T_RM cells are specialized for the control of sequestered, persisting infection

It is easy to appreciate the advantages of systemic immune surveillance, a phenomenon that underpins modern vaccination. For example, inoculation of a small patch of skin with vaccinia virus renders an individual protected against subsequent smallpox infection via the respiratory tract. However fixed immune surveillance appears counterintuitive, especially within the context of protection against de novo infection. The paradox is starkly highlighted with one of the more striking examples of fixed immune surveillance involving the lodgement of CD8⁺ T_RM cells within a few millimeters of the site of prior infection with HSV (29, 34). At first glance, it is hard to comprehend the advantage of such extremely focused immune protection, when all of the skin and a range of mucosal surfaces are potential sites of de novo infection with this virus.
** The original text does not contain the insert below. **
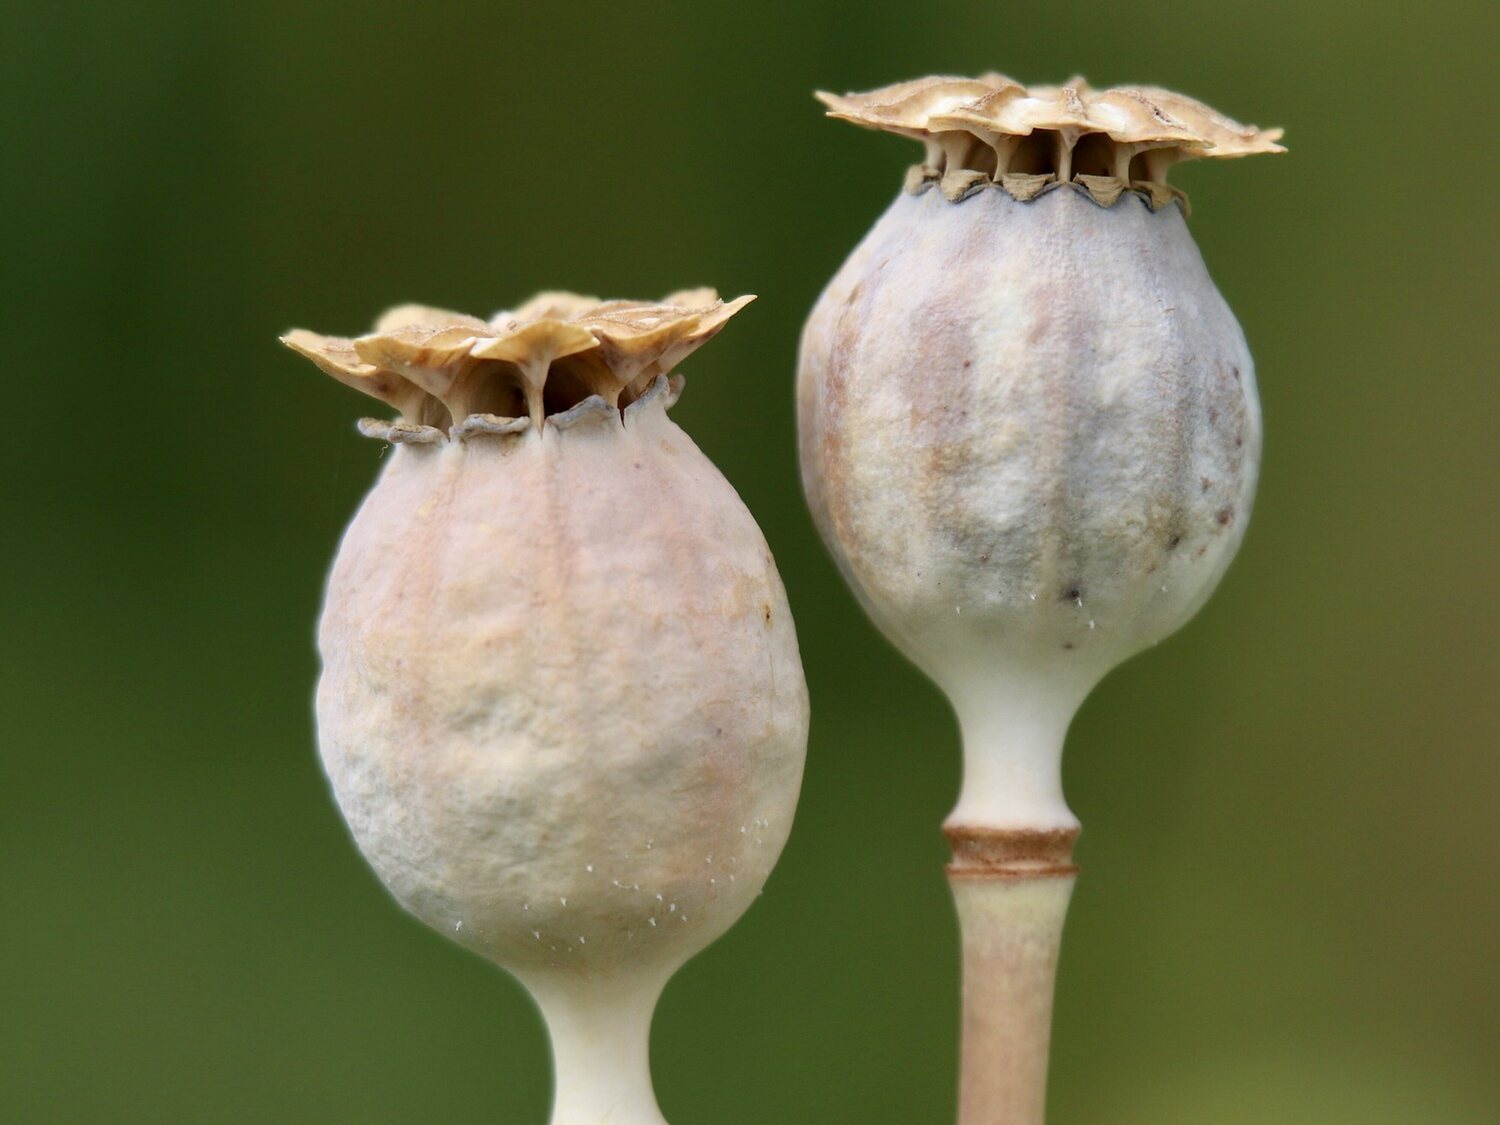 Disminuye al 95% el cultivo de opio en Afganistán tras la prohibición talibán

However, the benefits are obvious; the T_RM cells are lodged at exactly the surfaces where HSV periodically emerges during bouts of recrudescent disease. To underscore this, Corey and colleagues (49, 50, 61) showed that the presence of CD8⁺ T cells in the skin directly correlates with attenuation of disease severity and virus replication during bouts of reactivation. In addition, HSV-specific CD8⁺ T_RM cells can control reactivation in the sensory ganglia and maintain virus in a quiescent or latent state (80–83). Indeed, CD8⁺ T_RM cells in ganglia can undergo local proliferative responses on repeated rounds of HSV reactivation (76), despite being subjected to chronic stimulation (81, 84).
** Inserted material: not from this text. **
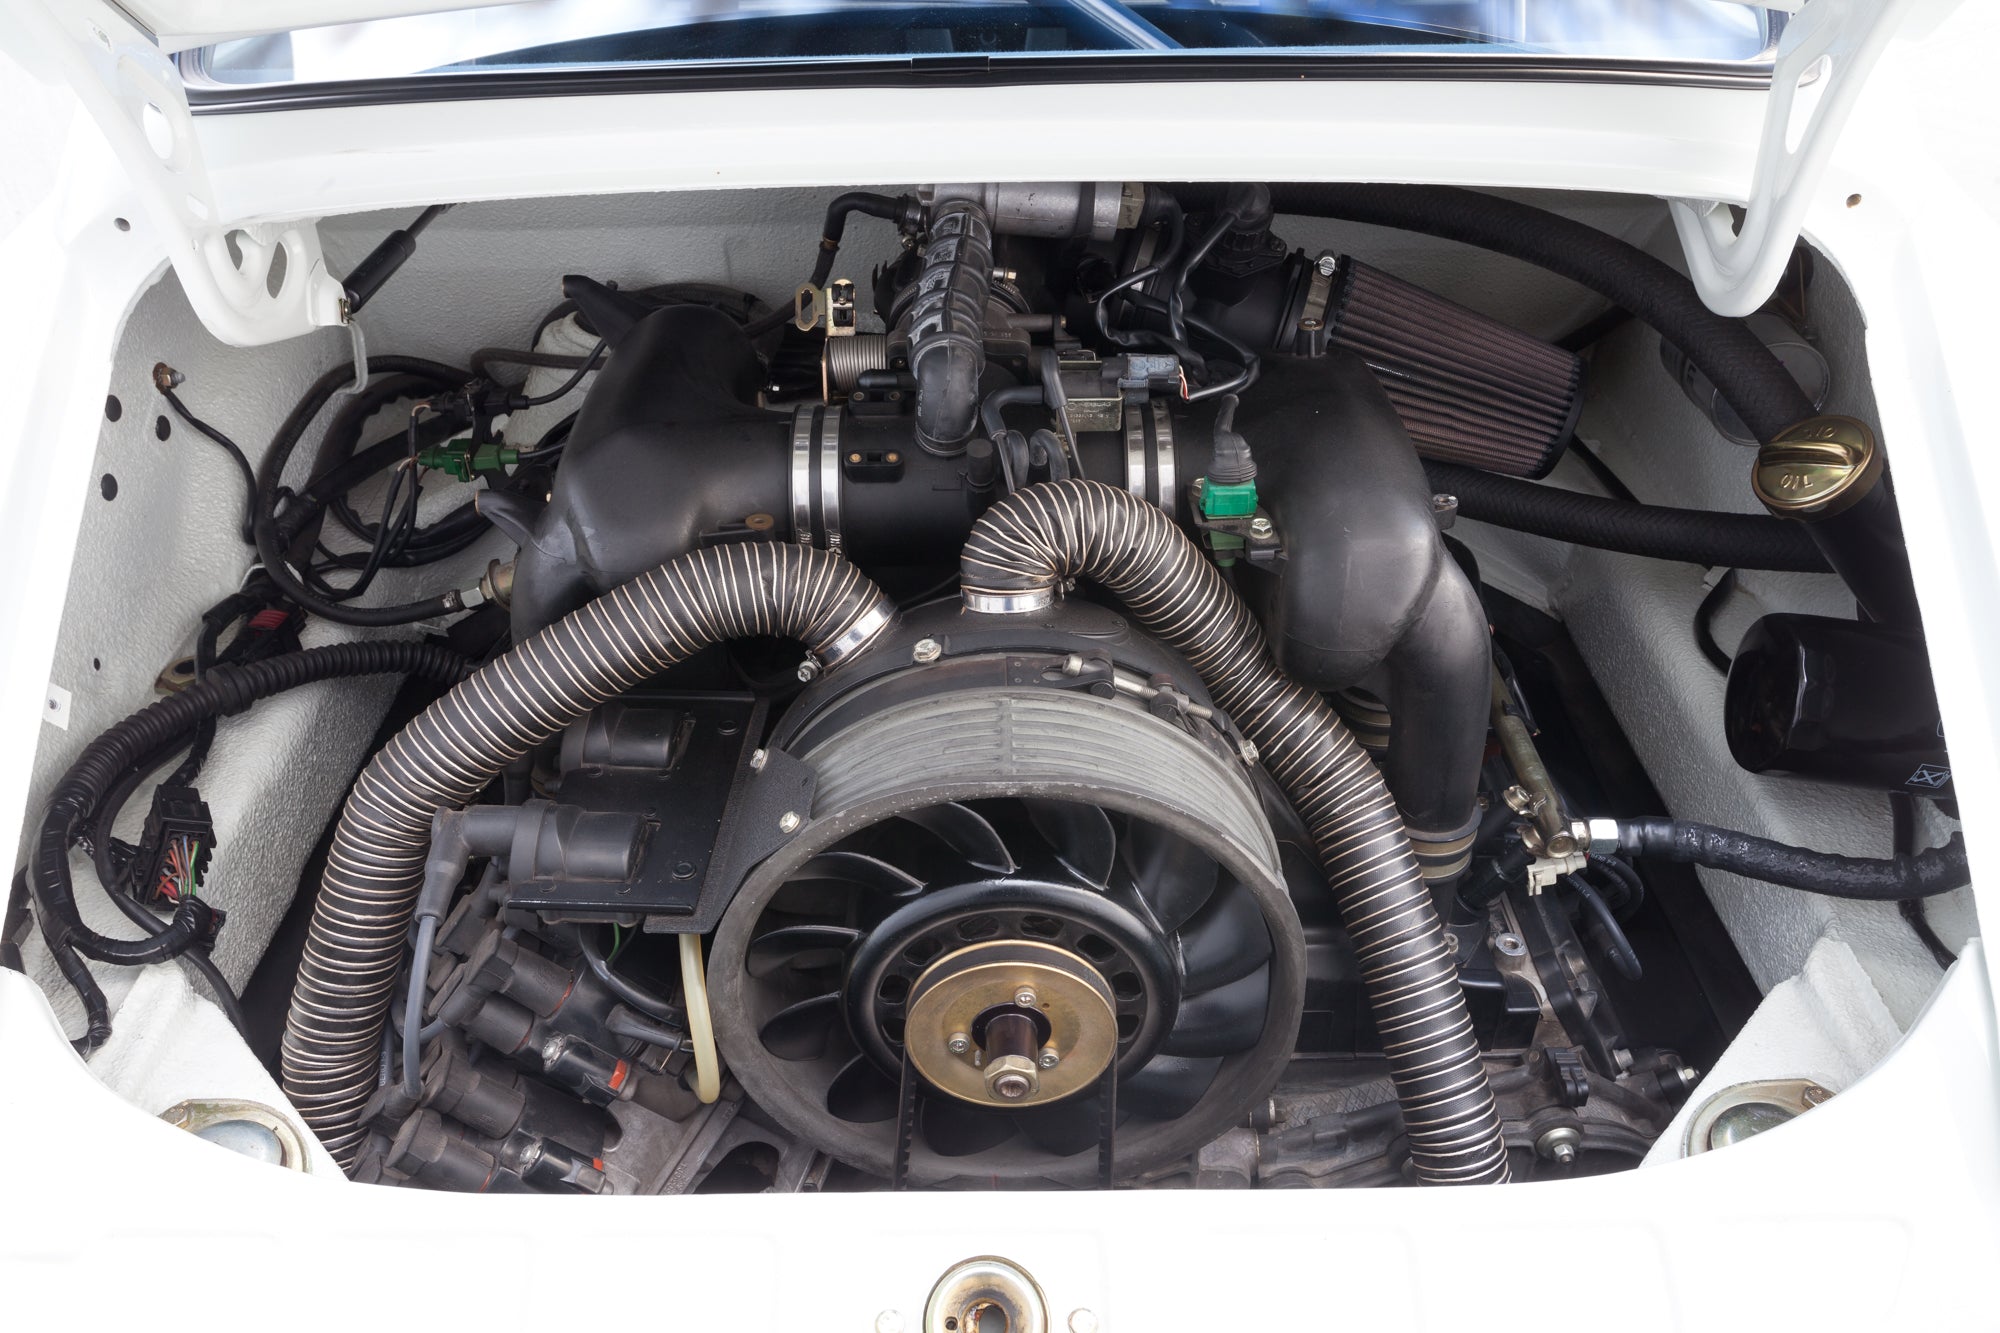 Porsche 911 ST 993 engine

The preceding section highlights the clear advantage of fixed immune surveillance and hints at potential T_RM cell specialization. Specifically, T_RM cells offer superior functionality in settings of persisting infection, especially during periods of latency when inflammation and recruitment from the blood has been extinguished. Such dissociation from the recirculating memory pool is seen during latent HSV infection (85), which is also likely to feature Ag expression that is too low for the activation and recruitment of circulating T cells (86). In addition, this specialization probably extends to the final stages of cleared infection, when pathogen load has declined to otherwise undetectable levels (40, 58). The combination of local immune surveillance in low-inflammatory settings brings into play other scenarios, such as infection with commensal microorganisms. Naik et al. (87) showed that skin infection with selected strains of the commensal bacteria Staphylococcus epididymis resulted in accumulation of IL-17–producing, intraepithelial CD8⁺CD103⁺ T cells in the absence of overt inflammation. Although the experiments did not formally identify these as CD8⁺ T_RM cells, their intraepithelial localization and CD103 expression heavily implied that they were indeed nonmigratory memory cells sequestered from the circulation. Therefore, these CD8⁺ T cells would act in local immune control of what is, in effect, a silent ongoing infection. In this way, they behave much like CD8⁺CD103⁺ T_RM cells in sensory ganglia that maintain a state of latency in the case of HSV infection. Strikingly, it was shown that CD8⁺ T cells in S. epididymis infection promoted nonspecific innate immunity in colonized skin that protected against bystander infection, much like Ariotti et al. (79) found for T_RM cells lodged by local vaccination. Thus, by interacting with the surface microbiota, T_RM cells embedded in epithelial surfaces may maintain the immune integrity of barrier surfaces.